Comment: Re:The ones I witnessed... (Score 1) 129

by TheRaven64 (#47907057) Attached to: Chrome For Mac Drops 32-bit Build
64-bit is here for a while. A lot of modern '64-bit' CPUs only support 40-bit physical addresses, so are limited to 'only' 128GB of RAM. Most support 48-bit virtual addresses (the top bit is sign extended, so all 1 or all 0 depending on whether you've got a kernel or userspace address), limiting you to 'only' 32TB of virtual addresses. If RAM sizes continue to double once every year, then it takes another year to use each bit. We currently have some machines with 256GB of RAM, so are using 41 bits. 64 bits will last another 23 years. RAM increases have slowed a bit recently though. 10 years ago, you always wanted as much RAM as possible because you were probably swapping whatever you were doing. Now, most computers are happy with 2GB for programs and the rest for buffer cache. As SSDs get faster, there's less need for caching, but there might be more need for address space as people want to be able to memory map all the files that they access...

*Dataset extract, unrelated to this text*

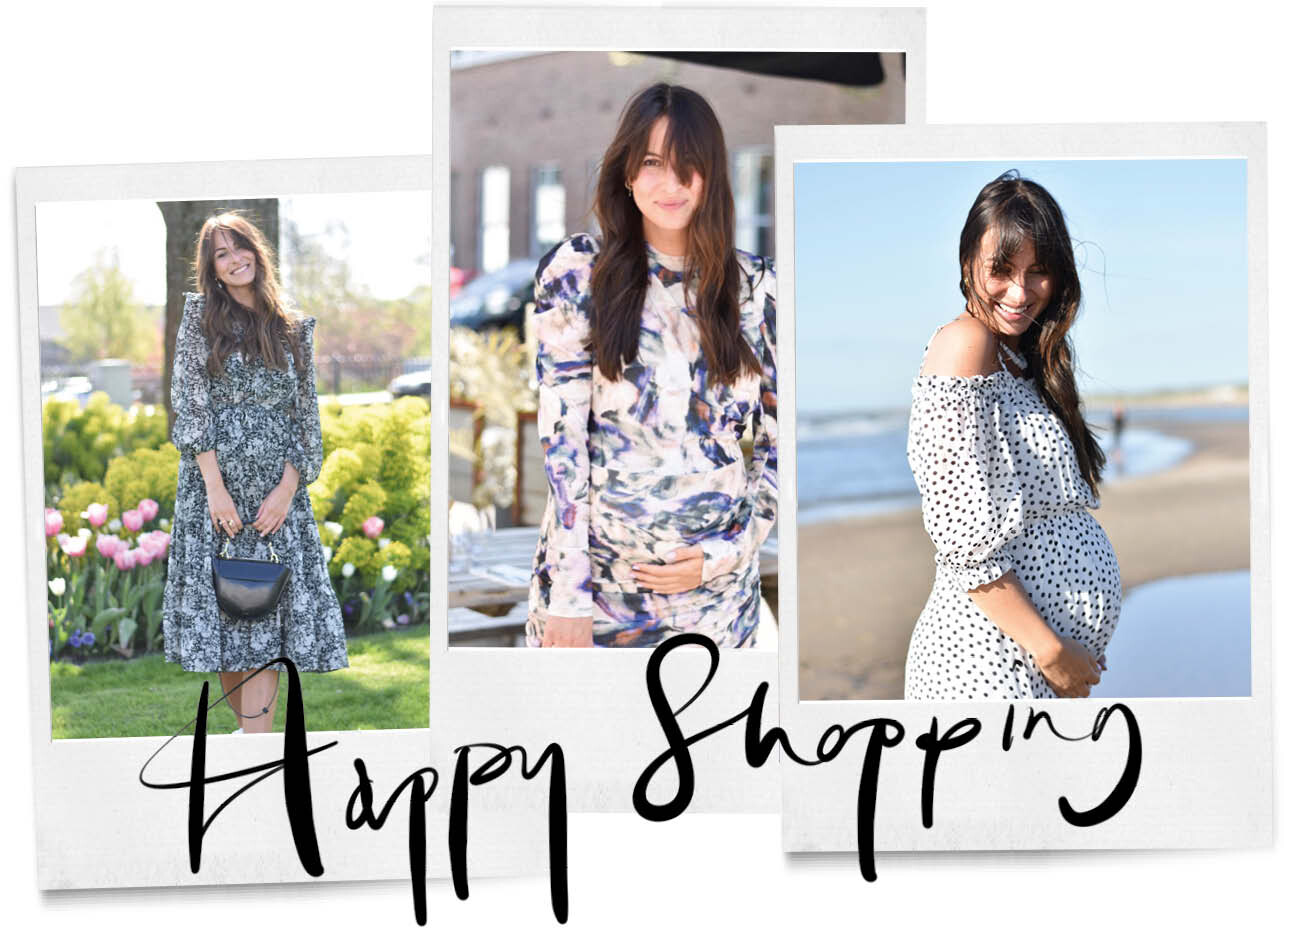 Om ASAP te shoppen: 18 x babybumpproof jurkjes

Comment: Re:It's not Google's fault. It's Mozilla's. (Score 1) 129

by TheRaven64 (#47906847) Attached to: Chrome For Mac Drops 32-bit Build

The real problem for Firefox is not the interface changes that people like you whine about, it's mobile. Now 30% of traffic is mobile and Firefox doesn't have an app for any Apple mobile devices and is effectively excluded from Android by Google's Microsoft-like illegal anti-competitive licensing deals with manufacturers (you can get the app, but it's not preloaded and only a few geeks ever would).

Huh? It's in the Google Play Market and is no harder to install than any other app. Once it's installed, the first time you click on a link from another app you're asked to choose the app that will handle links. I fall into the geek category (and so installed it from F-Droid, not Google Play), but found it trivial to switch to Firefox on the mobile. I mostly did because Chrome has spectacularly bad cookie management and I'd been trying to find a browser that did it better. Early Firefox ports were as bad, but now it's quite nice and with the Self Destructing Cookies add-on does exactly what I want.

The mobile is actually the only place I use Firefox...

Comment: Re: No, no. Let's not go there. Please. (Score 1) 891

by TheRaven64 (#47902613) Attached to: Why Atheists Need Captain Kirk
I recall reading some years ago that there are two kinds of atheists:
  • Those that disbelieve all religions.
  • Those that disbelieve all except one religion.

For some reason, people in the second category describe themselves as 'religious'. And yet you'll be hard-pressed to find, for example, a Christian who requires the same standards of evidence for the non-existence of the Norse, Egyptian, Greek or Hindu gods as he requires that an atheist from the first category provides for the non-existence of the Abrahamic god.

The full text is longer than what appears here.